OSHA and Post-Accident Drug Testing

The Federal Occupational Safety & Health Administration (OSHA) was created to enhance safety and health within the workplace. Unfortunately, they have gotten off-track and are now trying to use their regulatory powers to penalize employers for implementing programs that foster safety within the workplace.

Case in point… OSHA’s latest intrusion on employer’s post-accident drug and alcohol testing programs. In their infinite wisdom (not backup by any real world experience of course), they have decided that post-accident drug/alcohol testing somehow deters employees from reporting on-the-job injuries.

Forget the fact that comprehensive workplace drug and alcohol testing programs improve the safety culture and performance within a company.

Forget the fact that another federal agency,  SAMHSA (Substance Abuse & Mental Health Services Administration), has reported that 70% of all drug users are employed, that they are 3.6 times more likely to be involved in a workplace accident and 5 times more likely to file a worker’s compensation claim than non-users. Yes, forget all the facts regarding the safety benefits (especially to the individual worker) of workplace drug and alcohol testing programs and instead regulate quality employers based on the baseless perceptions and beliefs of bureaucrats. No facts allowed!

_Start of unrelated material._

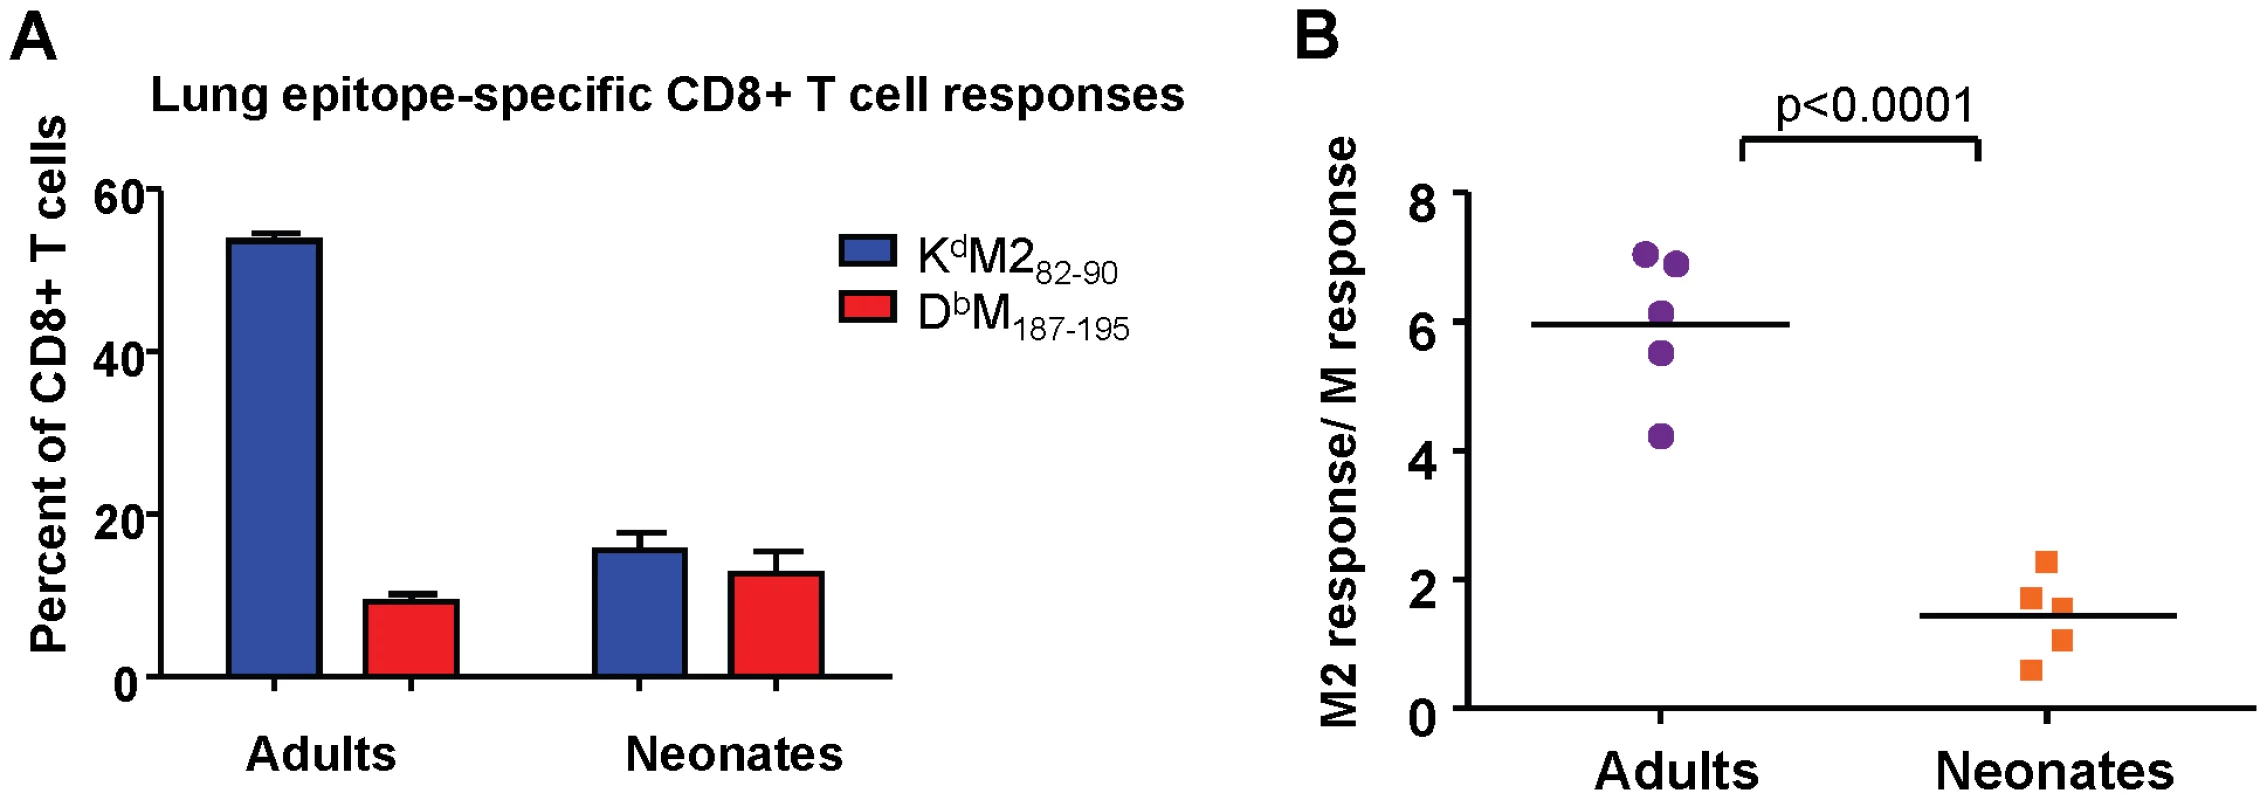 Epitope-specific CD8+ T cell responses following infection with rAd5-MM2.

The good news is that there are some organizations that have the guts to stand up to the federal government. In this case, it was the AGC (Associated General Contractors), who took OSHA to task and got them to back off some of their ridiculous guidance on recordkeeping and reporting rules. Although OSHA has tempered its stance on this issue, don’t think this issue is behind us.

Keep in mind:

  • Make sure your Workplace Drug & Alcohol Testing policy and program clearly defines the circumstances when post-accident testing will be conducted. You can’t have a broad or general testing provision, you must have specific criteria.
  • Don’t deviate from your policy and program provisions when conducting post-accident testing.
  • If there are multiple employees involved in an accident, be sure to test all of them.
  • OSHA says it will not issue citations under the rule for post-incident drug testing conducted in accordance with state workers’ compensation laws—whether drug testing under the law is mandatory or voluntary.

OSHA notes that drug testing employees whose injury could not possibly have arisen from any particular incident, like muscular skeletal disorders (e.g., tendonitis), would likely violate the rule and may result in the employer being cited.

Hopefully this really bad idea will just fade away, and OSHA will get out of employer’s way in making their workplaces safer for all employees.